I have just over 1/4 of an acre of land. For the most part it's all open (no big trees). 

I have a nice Honda push mower that does the trick: and by mulching I can get the yard done in about an hour. 

My problem is the other tasks: Dethatching, aerating, etc... Sure they're only needed once or twice a year, but renting machines gets pricey and annoying (even when going in with neighbors). 

Obviously I'd look like an idiot with a lawn tractor in such a small yard, but the attachments almost make sense for one. 

So I'm curious: would a lawn tractor make sense? Or what do you all do for lawn care for smaller lawns?


----------



## Bondo (Dec 8, 2007)

> So I'm curious: would a lawn tractor make sense? Or what do you all do for lawn care for smaller lawns?


Ayuh,.... I'm only 62, 'n still very active, so, Ya, you'd look pretty foolish to me,....

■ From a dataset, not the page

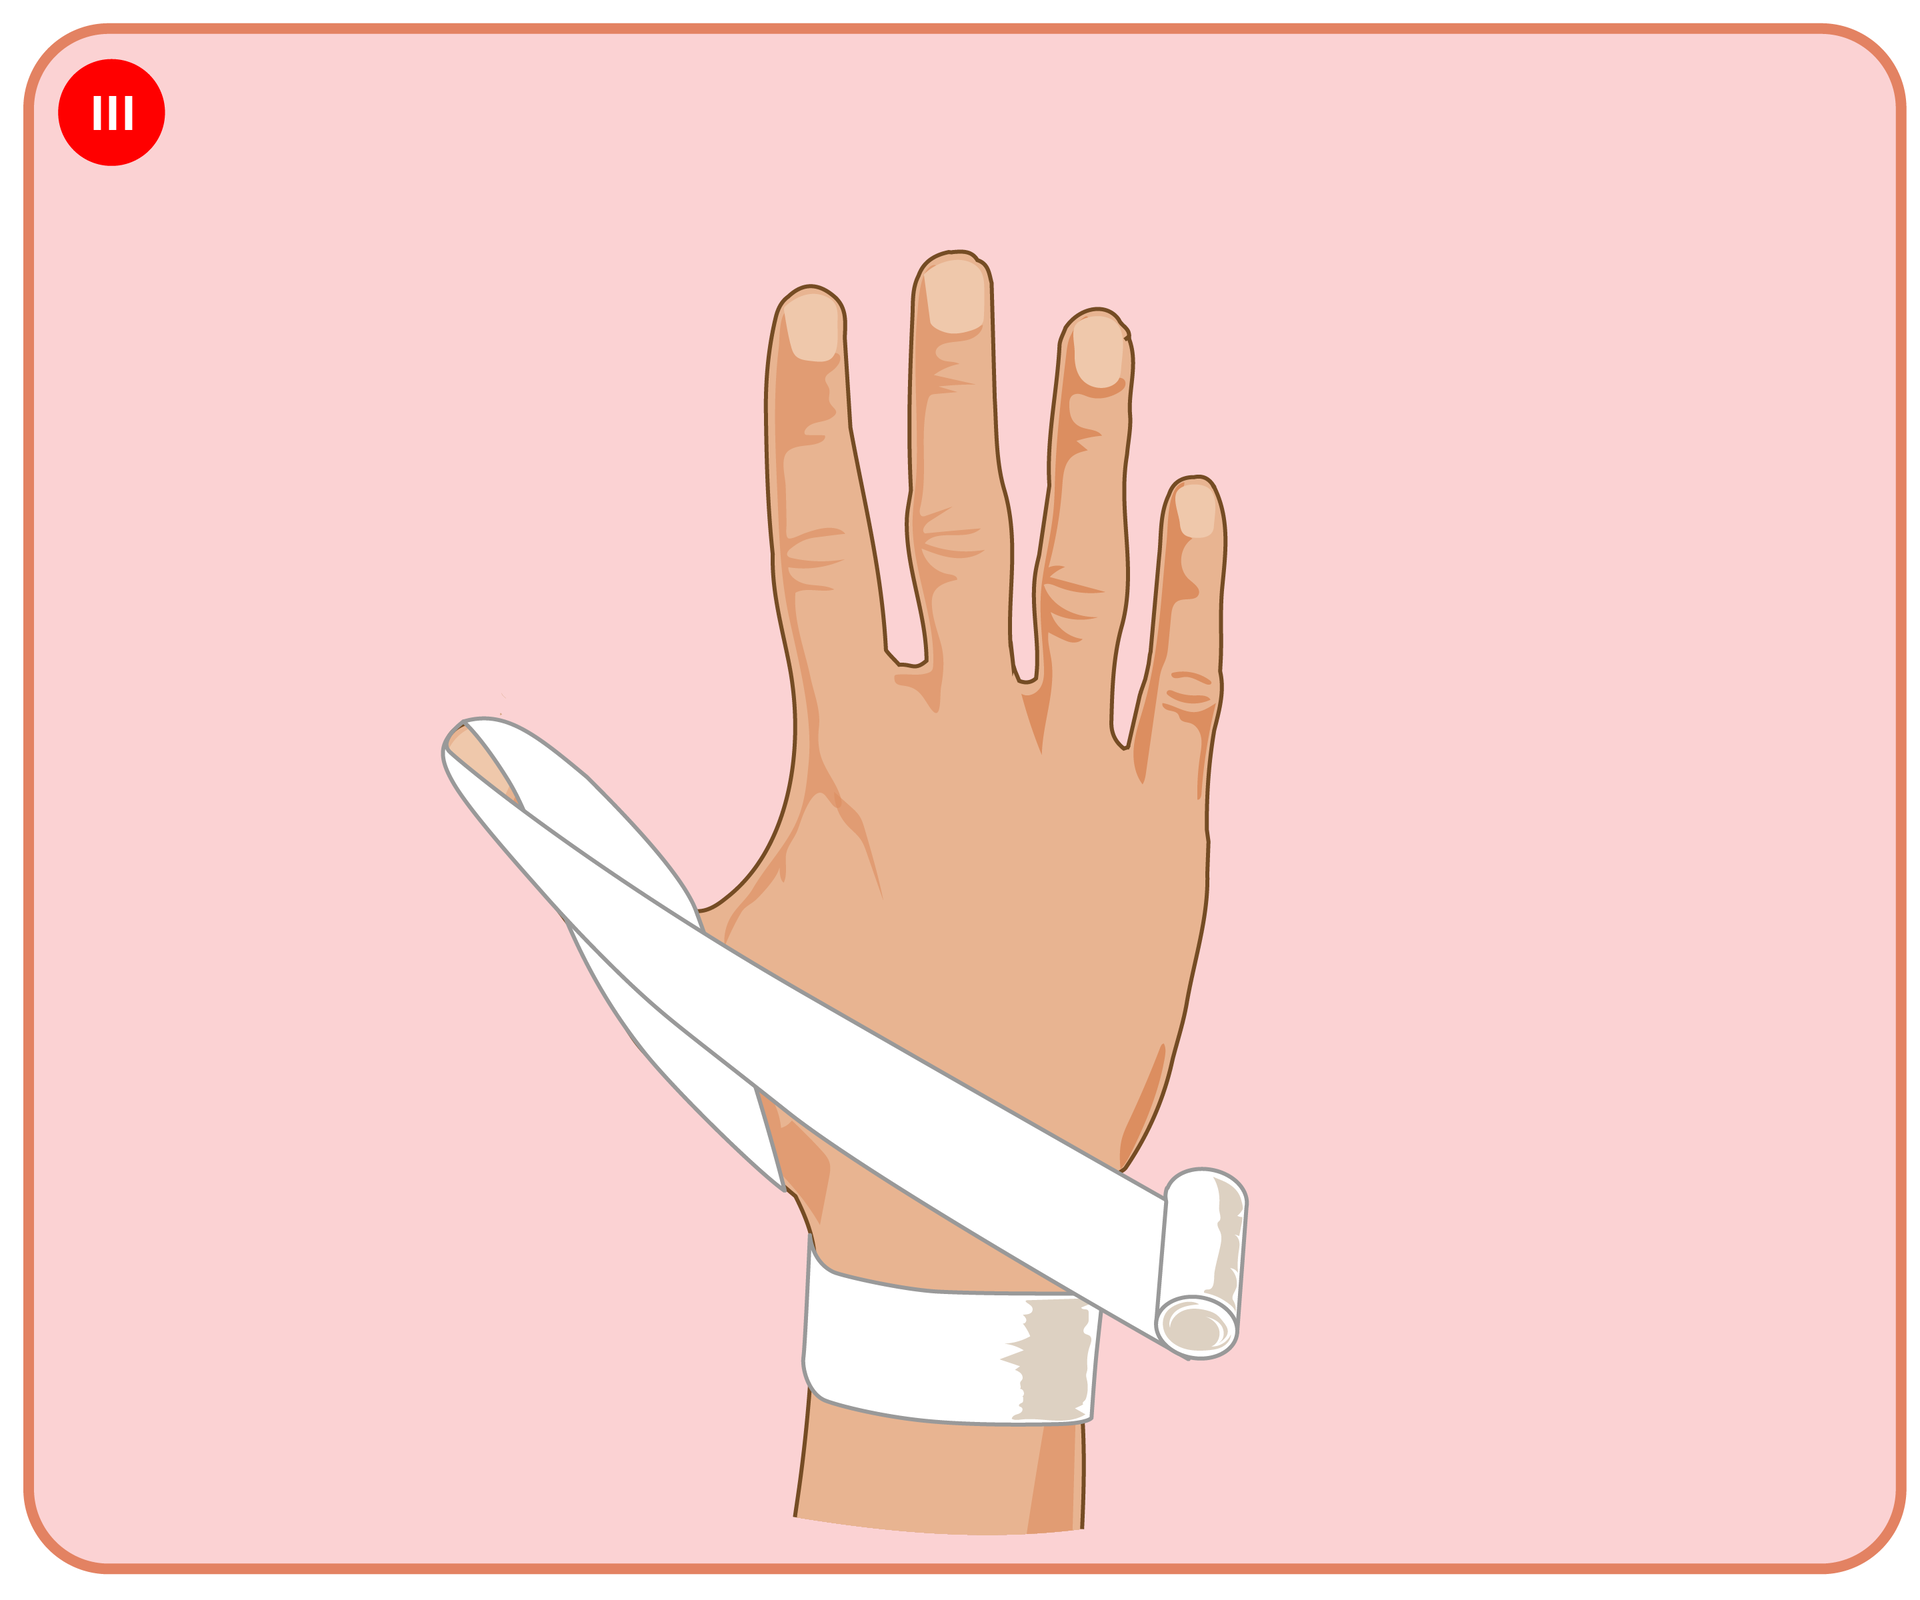 Pokaz slajdów prezentujących kolejne etapy bandażowania kciuka opatrunkiem kłosowym.

I don't do dethatching, aerating, etc...
I mow my lawn when it needs it, which is weekly from May through July, then the heat kicks in, 'n it rains less often, so every other week til late September,...

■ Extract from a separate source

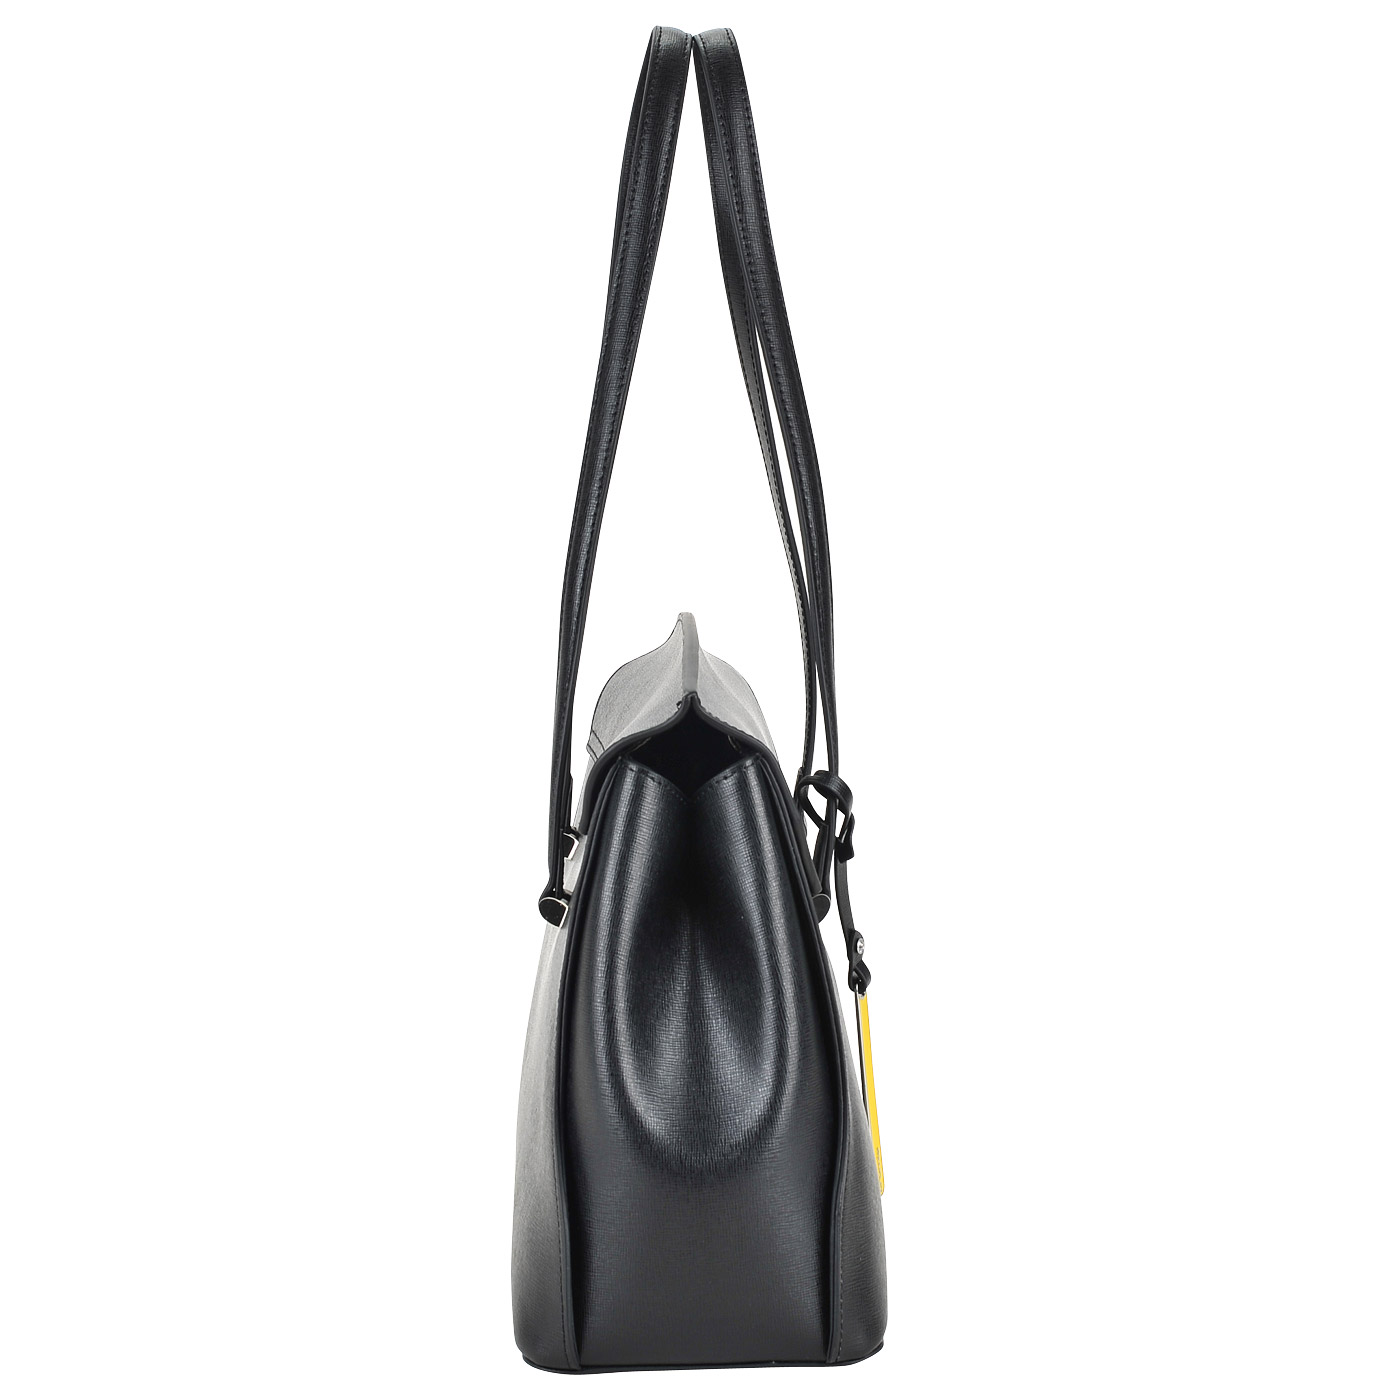 Вместительная кожаная сумка с длинными ручками Cromia Ologram

I also see _No_ need to have a golf course lookin' lawn,...
In my world, anything that's green after I mow is good enough to call a Lawn,....


----------



## Windows on Wash (Aug 30, 2011)

Not in my opinion. Unless you are talking the much higher end machines and implements (i.e. the CUT - compact utility tractors...not the riding mowers at HD and Lowes in this case), the job you will get with the rental equipment is much better. 

Your standard riding lawn mower will not do any of those functions very well and if you get into the higher end machines, they are over 10K (well over) and the implements are in the thousands of dollars as well.


----------



## lenaitch (Feb 10, 2014)

So long as you are physically able to use a push mower, I don't think a lawn tractor is worth it for a yard that size. As mentioned, the attachments and accessories are expensive and don't always perform as well as a dedicated machine from a rental and depending on the make, can be an unholy pain to install. Also, since you say it is "mostly open" you will still need the push mower for parts you can't get at with the tractor.


----------



## Colbyt (Jan 27, 2014)

I've mowed mine twice now and the last time last year was around Dec 10 (mostly to mulch the leaves).

I have not dethatched since I put a mulching blade on the Snapper. The yard has never been aerated in the 22 years I have lived here . I live on a gold course and the yard matches the surroundings.

I do have a rider for about half the yard you have. At the time I bought it I just did not have the energy to climb ladders all day and mow the grass with a push mower when I got home. The Snapper was the largest mower that would fit in the garage and still allow two cars to fit. 

Buy a rider if you want. I suspect you will not be pleased with the results of the attachments. I think the neighbors are crazy to pay 40-50 $ a week to get theirs mowed so I really don't care that they think I'm crazy for owning a rider that paid for itself the first 3 years that I owned it.


----------